Let us analyze the effect of the frequency next. Considering GEMM, GETRF and the ARMv7a microarchitectures, the increase of the GFLOPS rate is slightly superlinear for the Cortex-A7 and a bit sublinear for the Cortex-A15. For example, in the latter, when the operation frequency raises from 200 MHz to 1.6 GHz (a factor of 8×), the GFLOPS rate for GEMM grows by 7.91×. Unsurprisingly, the behaviour for GETRF is similar, with a growth of 7.78×. On the other hand, GEMV shows a less appealing scenario, with a performance improvement of only 4.6× under the same conditions. The behaviour for the ARMv8 microarchitectures is similar to that of the Cortex-A15. For instance, in the Cortex-A57, changing the frequency from 450 MHz to 1.1 GHz (a factor of 2.4×) results in speedups of 2.36× for GEMM and 2.38× for GETRF, but only 1.87× for GEMV.

In general, the energy efficiency (expressed in terms of GFLOPS/W), benefits from operating at low voltages. In case several frequencies operate under the same voltage, then using the highest available frequency is normally desirable in order to obtain higher performance, and consequently, better energy efficiency.

To conclude this analysis, we point out the differences between a memory-bound operation such as GEMV vs the compute-bound GEMM, GETRF. This is reflected in the much lower performance and scalability (with respect to the number of cores and frequency) of the former but, interestingly, also in the considerably lower dissipation rates attained by GEMV.

# 6. Resilience versus Energy for the BLIS Kernels and the LU factorization

The general assumption by the system's programmer/user is that the "hardware" offers an error-free execution model, but LVEM partially removes this condition in the search for higher energy efficiency by operating below the nominal voltage.

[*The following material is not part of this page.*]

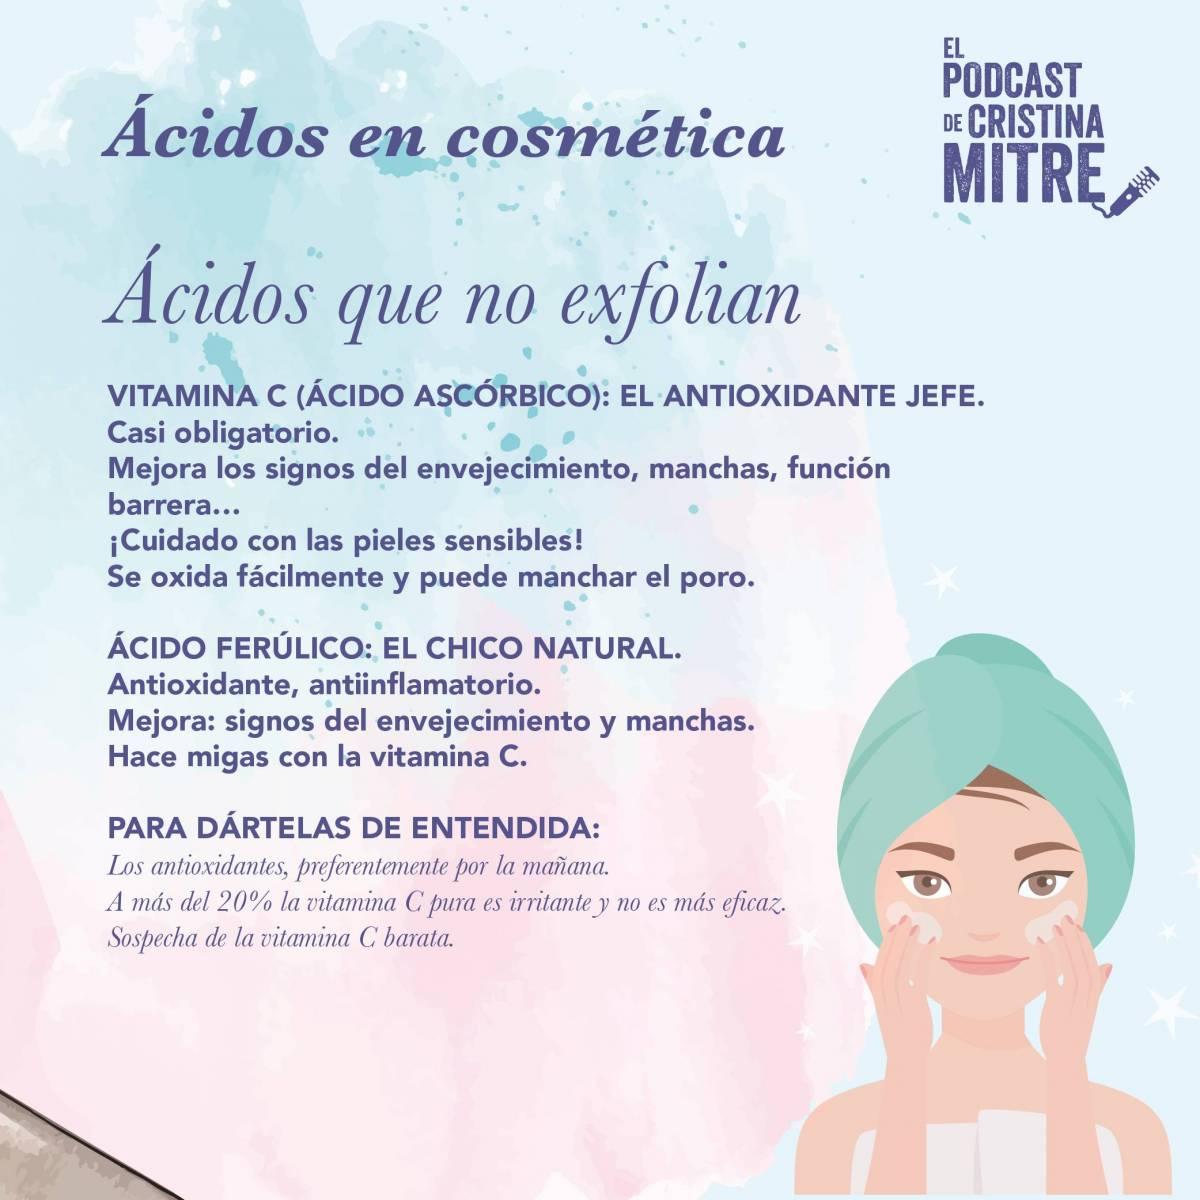 ácidos cosméticos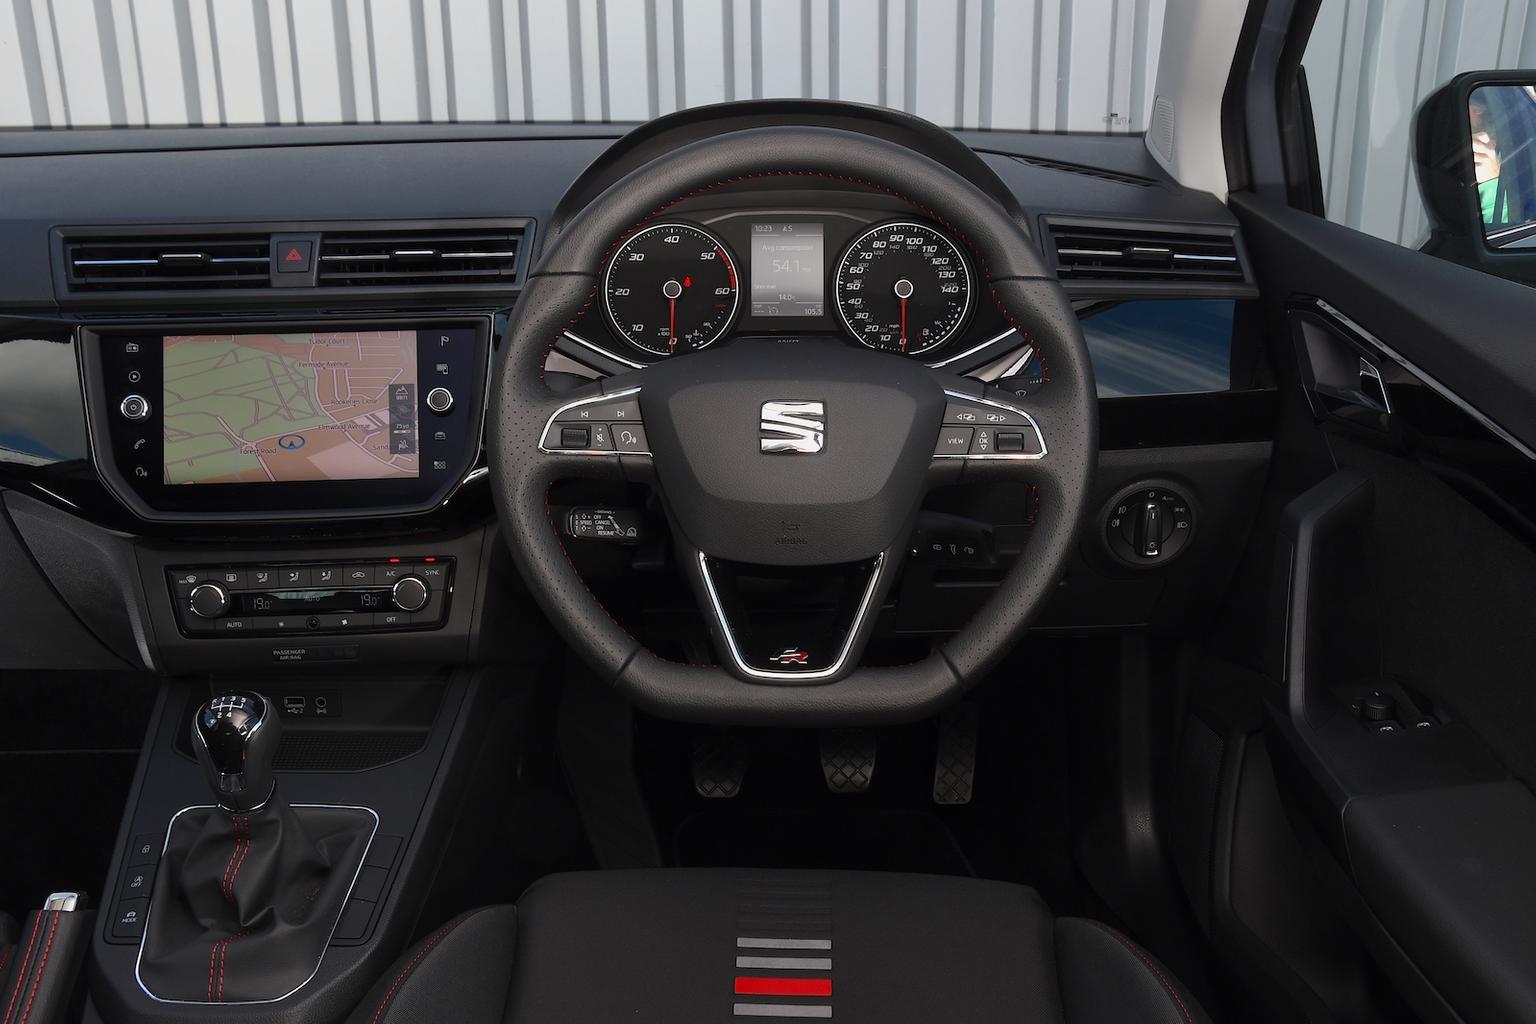 2018 Seat Ibiza 1.6 TDI 95 review – price, specs, release date

The question to answer then is whether the energy gains attained with the reduction of voltage compensate the energy costs of tackling the errors in the software.

In order to investigate this question in subsections 6.2–6.4, in subsection 6.1 we first formulate a model that can be leveraged to predict the power dissipation as a function of the voltage-frequency variations.

| Architecture   |               | GEMV   | GEMM   | GETRF  |
|----------------|---------------|--------|--------|--------|
|                | $\alpha_1$    | 0.2048 | 0.4085 | 0.3415 |
| ARM Cortex-A7  | $\alpha_2$    | 0.0528 | 0.0000 | 0.0000 |
|                | $\mathcal{R}$ | 0.0254 | 0.0209 | 0.0144 |
|                | $\alpha_1$    | 0.6674 | 2.9285 | 2.2532 |
| ARM Cortex-A15 | $\alpha_2$    | 0.1307 | 0.0000 | 0.0000 |
|                | $\mathcal{R}$ | 0.0165 | 0.0228 | 0.0119 |
|                | $\alpha_1$    | 0.4146 | 1.1972 | 0.7767 |
| ARM Cortex-A53 | $\alpha_2$    | 0.1088 | 0.0000 | 0.0540 |
|                | $\mathcal{R}$ | 0.0063 | 0.0072 | 0.0158 |
|                | $\alpha_1$    | 0.6738 | 1.8638 | 1.7610 |
| ARM Cortex-A57 | $\alpha_2$    | 0.1326 | 0.0000 | 0.0000 |
|                | $\mathcal{R}$ | 0.0225 | 0.0071 | 0.0120 |

Table 3: Parameters for modeling power dissipation as a function of the voltage and frequency, and relative residual  $\mathcal{R}$ .

# 6.1. Power models

Our power model is grounded in the hypothesis that the CPU power is given by

$$P_{CPU} = P_{static} + P_{dynamic}$$

where the dynamic power

$$P_{dynamic} \propto V_{cc}^2 \times f$$

with  $V_{cc}$  and f standing for the CPU voltage and frequency, respectively [31]. In addition, in principle we have

$$P_{static} \propto V_{cc}$$
;

see also [31]. However, after an experimental analysis of different models, for the static power we decided to depart from this assumption to use

$$P_{static} \propto V_{cc}^2$$

yielding the model

$$P_M(V, f) = \alpha_1 V^2 f + \alpha_2 V^2, \tag{5}$$

where the coefficients  $\alpha_1$  and  $\alpha_2$  are respectively connected with the dynamic power (due to CMOS switching) and the static power (due to leakage) of the system [31].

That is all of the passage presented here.